The mesenchymal stem cells were injected intrathecally in some rats and intravenously in the others three days after Middle Coronary Artery Occlusion (MCAO) using isoflurane anesthesia. A 1cm incision was made over L3-L5 spinous processes and a neonatal lumbar puncture needed (25 gauge) was inserted into the spinal canal. MSCs (1 × 10^6) was diluted with 20 μl PBS being injected into the CSF over 30 seconds. Intravenously, MSCs (1 × 10^6) was diluted with 700 μl PBS were injected slowly for five minutes via an intravenous cannula situated in the tail vein. The presence and survival of the MSCs in the brain tissue was examined by immunohistochemistry. The rats were examined by their recovery of coordination of movement using both the Rotarod test and the adhesive removal test after the 1st, 2nd, 3rd and 4th week of stroke.
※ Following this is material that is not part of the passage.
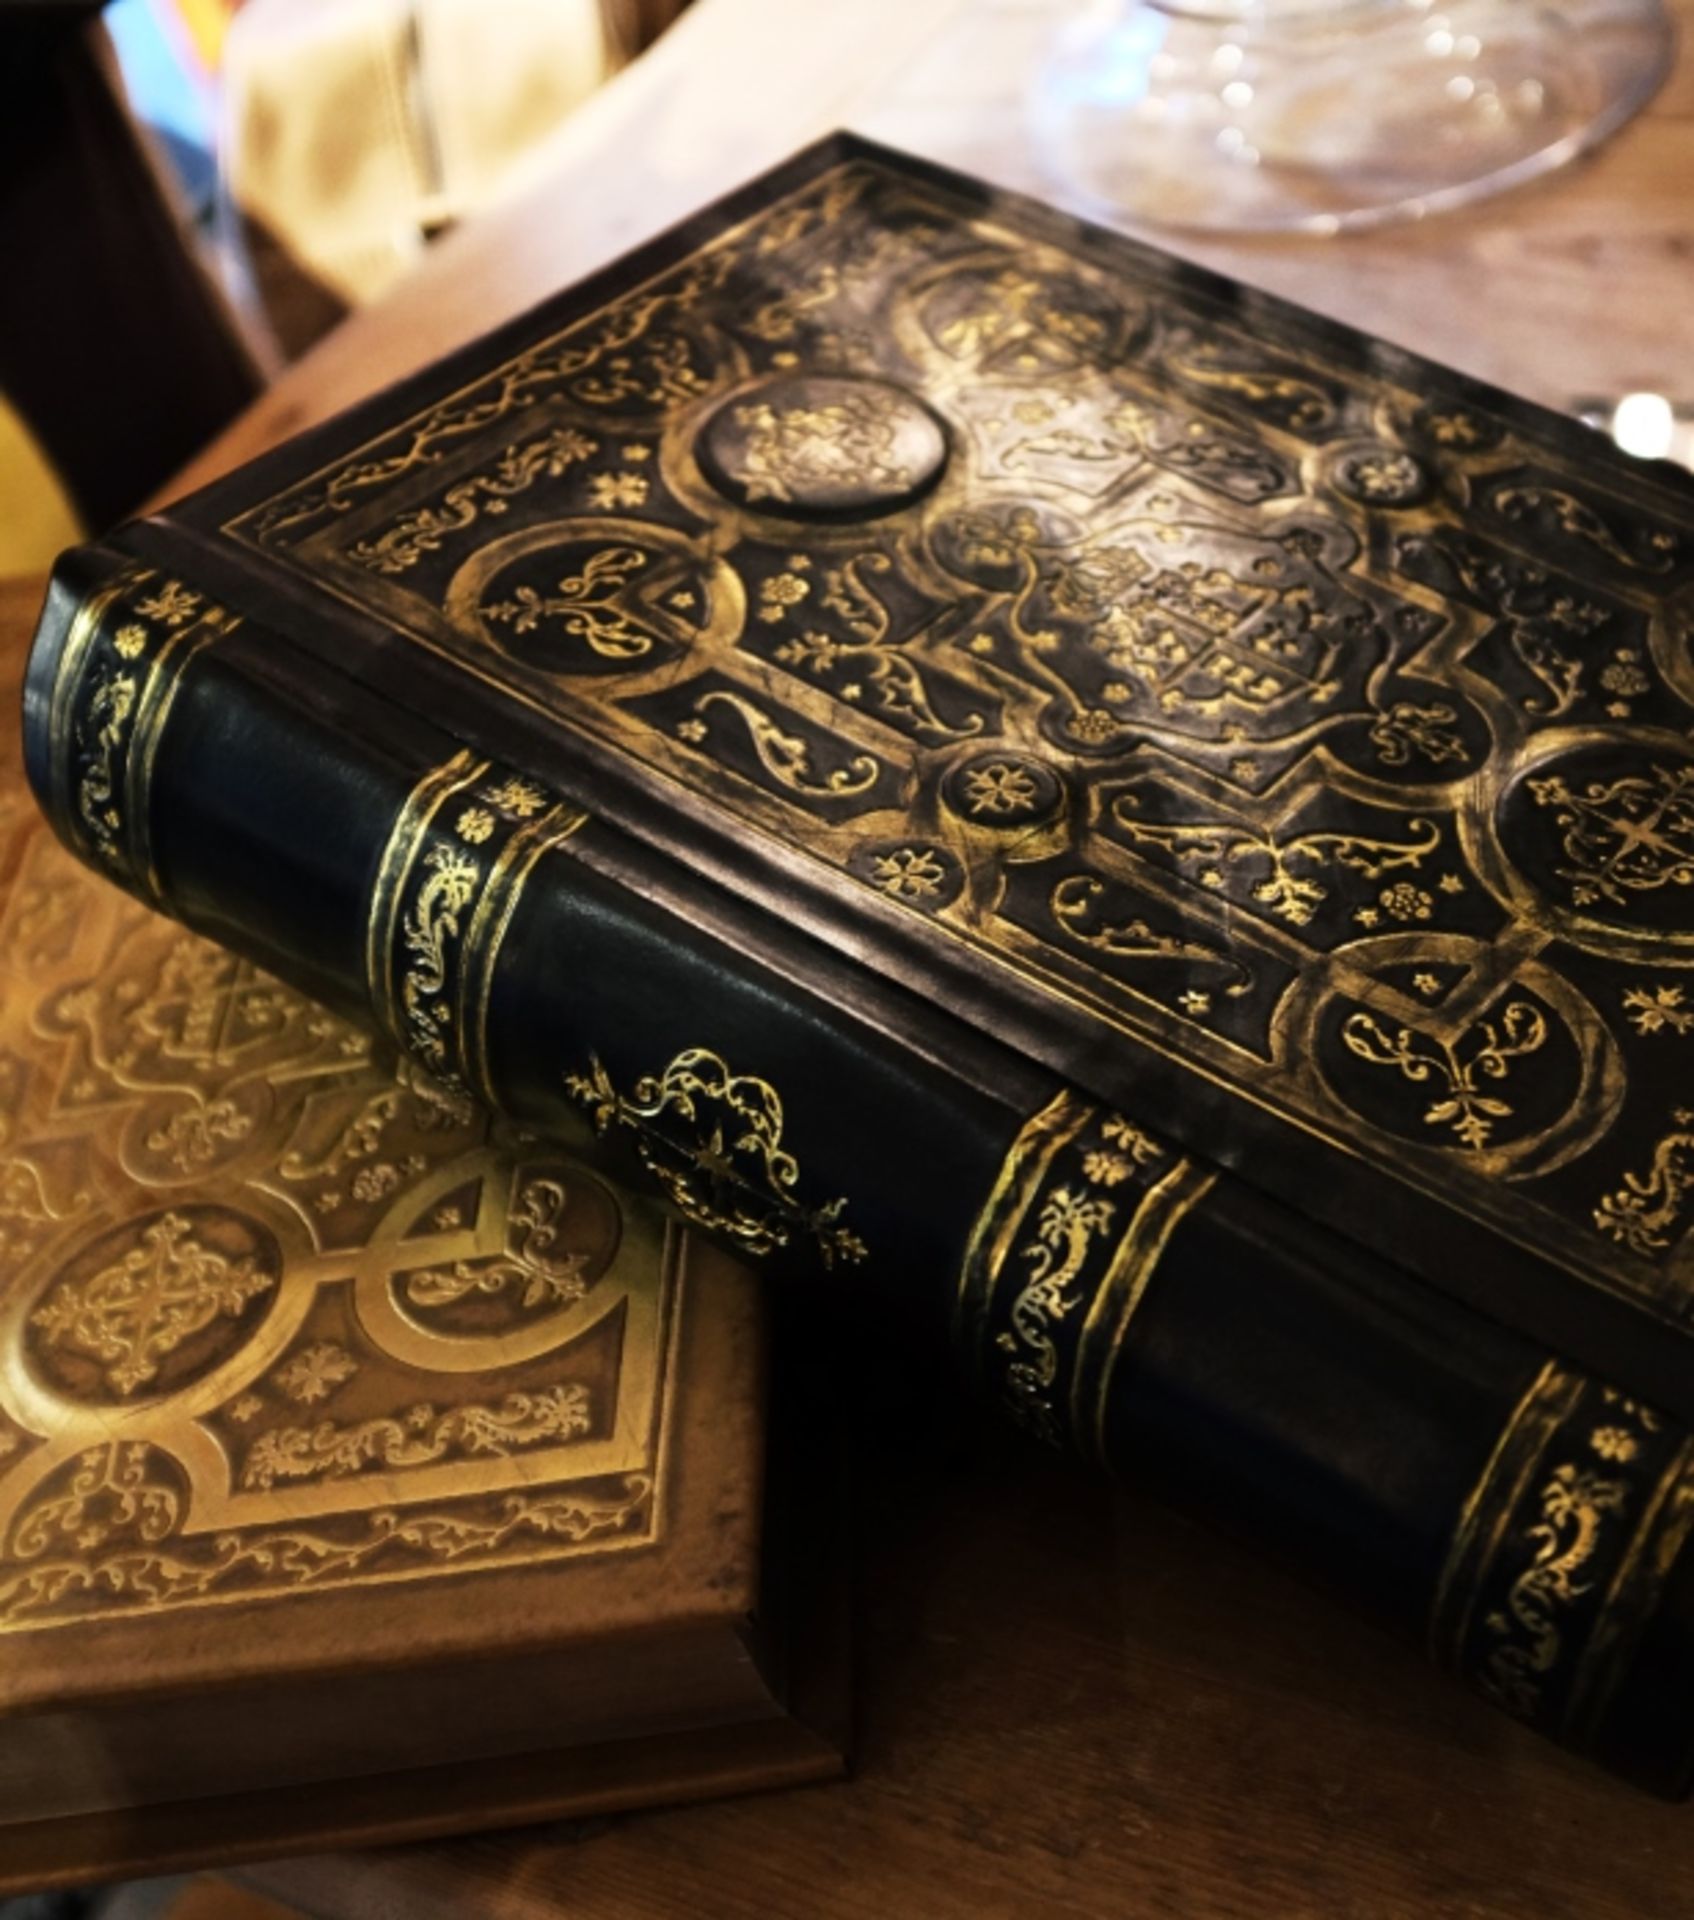 Comments Book Old Saddle Black Leather Bound Inspired by the library of historic Blenheim Palace,

The results indicated that the MSC intrathecally receiving rats had an increased level of migrated cells to the ischemic area compared to the intravenous administration of MSCs. Additionally, many of the cells were expressing the mature neural lineage markers. Overall, the intrathecal administration of MSCs were more effective in reducing ischemic damage, yet proved to be similar to intravenous administration in promoting neurological recovery.

This study thus indicated a potential treatment for cerebral ischemia or neurodengerative disorders due to its ability to recover ischemic damaged tissue.